Please i just want something i can make a daily or weekly income with.

Thanks,

City


----------



## kernels (Jun 18, 2017)

What is it that you expect to be paid for? Do you have some skill that you could put to work online ?


----------



## city0016 (Jun 18, 2017)

I just want some kind of work at home and earn a commsion sort of,like marketing,forex trading etc.
Something that really pays.


----------



## justinhcase (Jun 18, 2017)

The problem with most of the world markets is that they demand an investment before giving you a return.
With over seven and a half billion people present on this planet you have to have some thing special to offer in order to divert resources to you.
From the fact you have no better way to find an income other than solicit for one on an open forum I would have to deduce you may be lacking such an ability.
Be very careful there are a multitude of predators who will contact you, find out what you want and construct a method of predation just for you.
Looking around you home town,Take note of what is doing well locally and ask them for a job would be a better idea.
Then if after a good days work you still have time and energy to waste on internet schemes you will at least have food on the table and a roof no mater what.
I started as a Kitchen Porter at age sixteen and normally have at least two job's at any one time.
even my metal trade has taken four days a week for three years and still has not paid me a wage.
In navigation we have a saying,the longest rout from Point (a) to Point (b) is the short cut.
The only opertunity I have seen that would seem's to provide an income from home with out much training or capital are the Web Cam buisness's.But even then you have to have an atractive appearance and a low self esteem to make money.


----------



## everydayisalesson (Jun 18, 2017)

kidney foundation pays to make calls for donations. Most things online that say they pay, THEY DON'T. you could start making videos, but it takes a long time to earn anything and then its minuscule. you could sell on ebay but then you need something to sell.

There is SEO, cant remember what it stands for but its posting links and yet another thing that takes years to produce any income. 
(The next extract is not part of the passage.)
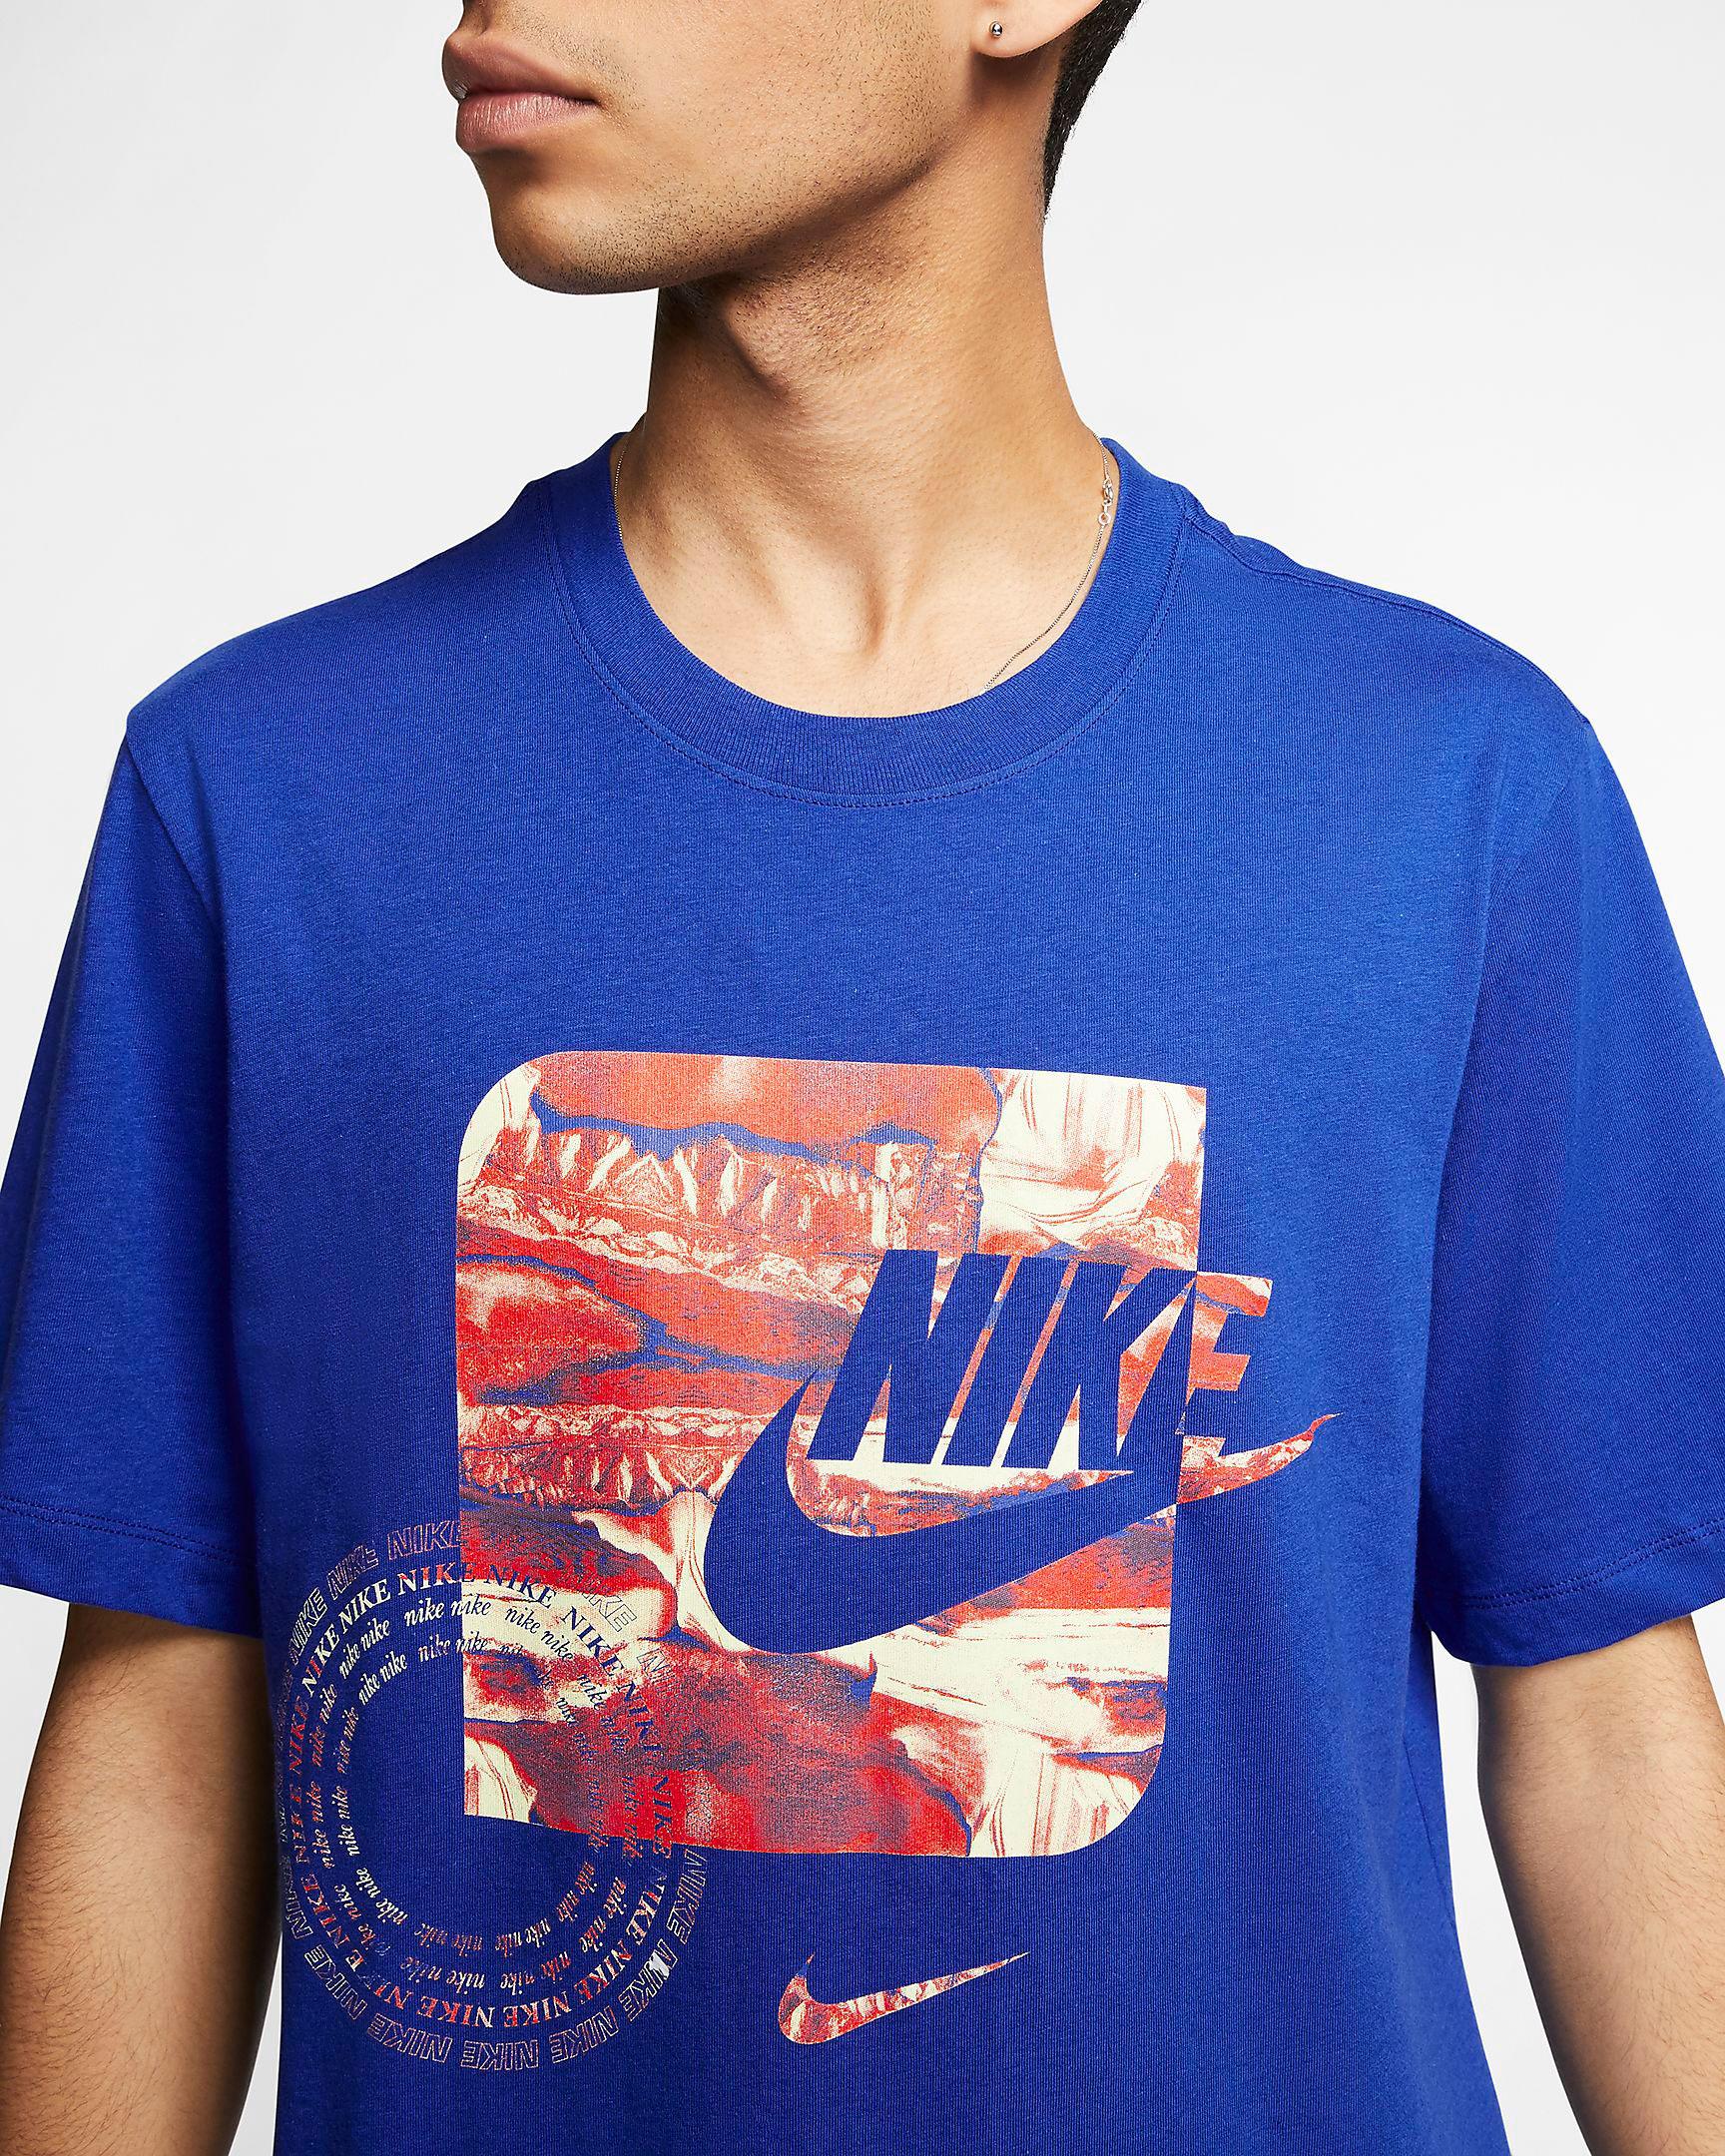 nike-organic-distortion-shirt-blue

I hurt my back a few years ago and tried to find something for a year and never really could. I wish you luck but watch out, there are scams everywhere. 

Mike


----------



## patnor1011 (Jun 18, 2017)

Day-trading cryptocurrencies. But that is a gamble which either pays big or nothing. Requires capital too.


----------



## kernels (Jun 18, 2017)

I hope from the above responses you will realize that what you are looking for does not exist. Much better to meet reality sooner rather than later.


----------



## g_axelsson (Jun 19, 2017)

everydayisalesson said:


> There is SEO, cant remember what it stands for but its posting links and yet another thing that takes years to produce any income.


Search Engine Optimization... or spammers, just deleted seven spams on GRF and reported the links to google spam, then one on my wiki. I spent 20 minutes of my morning cleaning up after the spammers. Lowlifes in my view, but what I really want to say I can't because of the rules of this forum.

:evil: 

Göran


----------



## macfixer01 (Jun 20, 2017)

Penny Hoarder is a source to find out about work at home deals, rebate deals, all kinds of unconventional money making ventures.

https://www.thepennyhoarder.com



Macfixer01


----------



## rickbb (Jun 23, 2017)

When you call QVC, The Home Shopping network, etc. You are really calling someone sitting at home on a PC with an IP phone. Instead of having a giant call center somewhere it's distributed across thousands of stay at home workers.

They read a script to you about whatever it is you're ordering and try and "upsell" you while on the phone.

They pay based on your time, your upselling, etc. You set your own hours, but you have to work those hours or they will cut you off. If you tell them you can work 3 hours next Tuesday from 9 to 12, you better do it. 

I couldn't do such work, but I know someone that does and loves it.

This is what most of those "work at home on a pc" ads are all about.


----------